Metadata-Version: 2.4
Name: abersetz
Version: 1.0.17
Project-URL: Documentation, https://github.com/twardoch/abersetz#readme
Project-URL: Issues, https://github.com/twardoch/abersetz/issues
Project-URL: Source, https://github.com/twardoch/abersetz
Author-email: Adam Twardoch <adam+github@twardoch.com>
License: MIT
License-File: LICENSE
Requires-Python: >=3.10
Requires-Dist: deep-translator>=1.11
Requires-Dist: fire>=0.5
Requires-Dist: httpx>=0.25
Requires-Dist: langcodes>=3.4
Requires-Dist: loguru>=0.7
Requires-Dist: platformdirs>=4.3
Requires-Dist: rich>=13.9
Requires-Dist: semantic-text-splitter>=0.7
Requires-Dist: tenacity>=8.4
Requires-Dist: tomli-w>=1.0
Requires-Dist: tomli>=2.0; python_version < '3.11'
Requires-Dist: translators>=5.9
Description-Content-Type: text/markdown

---
this_file: README.md
---
# abersetz

Minimalist file translator that reuses proven machine translation engines while keeping configuration portable and repeatable.

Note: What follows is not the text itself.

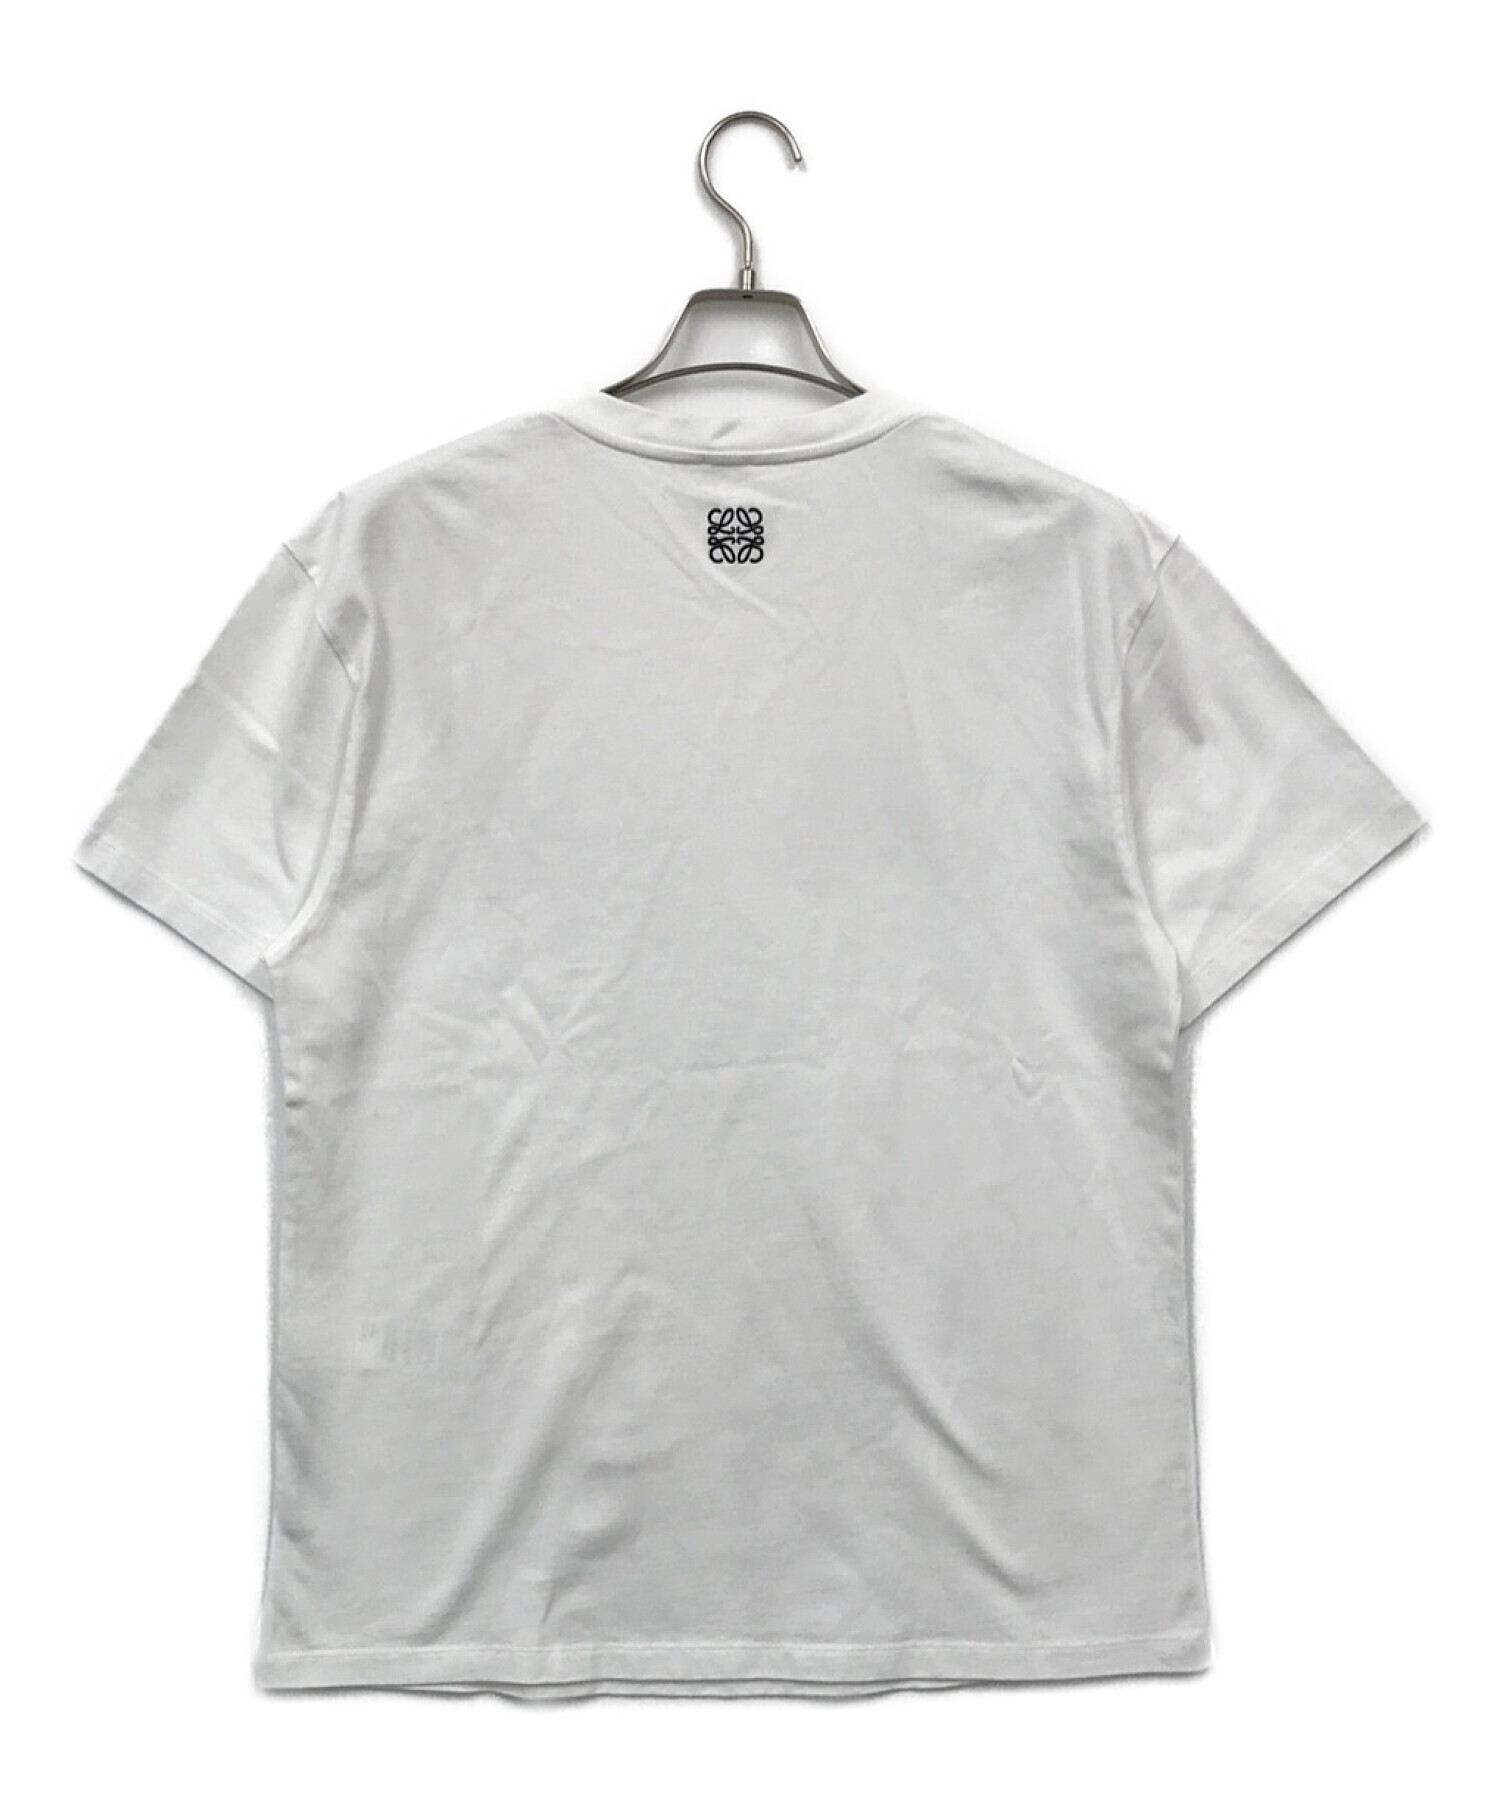 LOEWE (ロエベ) キャンドルプリントtシャツ ホワイト サイズ:M

The tool walks through a simple locate → chunk → translate → merge pipeline and exposes both a Python API and a `fire`-powered CLI.

## Why abersetz?
- Focuses on translating files, not single strings.
- Reuses stable engines from `translators` and `deep-translator`, plus pluggable LLM-based engines for consistent terminology.
- Persists engine preferences and API secrets with `platformdirs`, supporting either raw values or the environment variable that stores them.
- Shares voc between chunks so long documents stay consistent.
- Keeps a lean codebase: no custom infrastructure, just clear building blocks.

## Key Features
- Recursive file discovery with include/xclude filters.
- Automatic HTML vs. plain-text detection to preserve markup when possible.
- Semantic chunking via `semantic-text-splitter`, with configurable lengths per engine.
- voc-aware translation pipeline that merges `<voc>` JSON emitted by LLM engines.
- Offline-friendly dry-run mode for testing and demos.
- Optional voc sidecar files when `--save-voc` is set.

## Installation
```bash
pip install abersetz
```

## Quick Start

### First-time Setup
```bash
# Automatically discover and configure available translation services
abersetz setup
```

This will scan your environment for API keys, test endpoints, and create an optimized configuration.

### Basic Translation
```bash
# Using the main CLI
abersetz tr pl ./docs --engine translators/google --output ./build/pl

# Or using the shorthand command
abtr pl ./docs --engine translators/google --output ./build/pl
```

### CLI Options (preview)
- `to_lang`: first positional argument selecting the target language.
- `--from-lang`: source language (defaults to `auto`).
- `--engine`: one of
  - `translators/<provider>` (e.g. `translators/google`)
  - `deep-translator/<provider>` (e.g. `deep-translator/deepl`)
  - `hysf`
  - `ullm/<profile>` where profiles are defined in config.
- `--recurse/--no-recurse`: recurse into subdirectories (defaults to on).
- `--write_over`: replace input files instead of writing to output dir.
- `--save-voc`: drop merged voc JSON next to each translated file.
- `--chunk-size` / `--html-chunk-size`: override default chunk lengths.
- `--verbose`: enable debug logging via loguru.

## Configuration
`abersetz` stores runtime configuration under the user config path determined by `platformdirs`. The config file keeps:
- Global defaults (engine, languages, chunk sizes).
- Engine-specific settings (API endpoints, retry policies, HTML behaviour).
- Credential entries, each allowing either `{ "env": "ENV_NAME" }` or `{ "value": "actual-secret" }`.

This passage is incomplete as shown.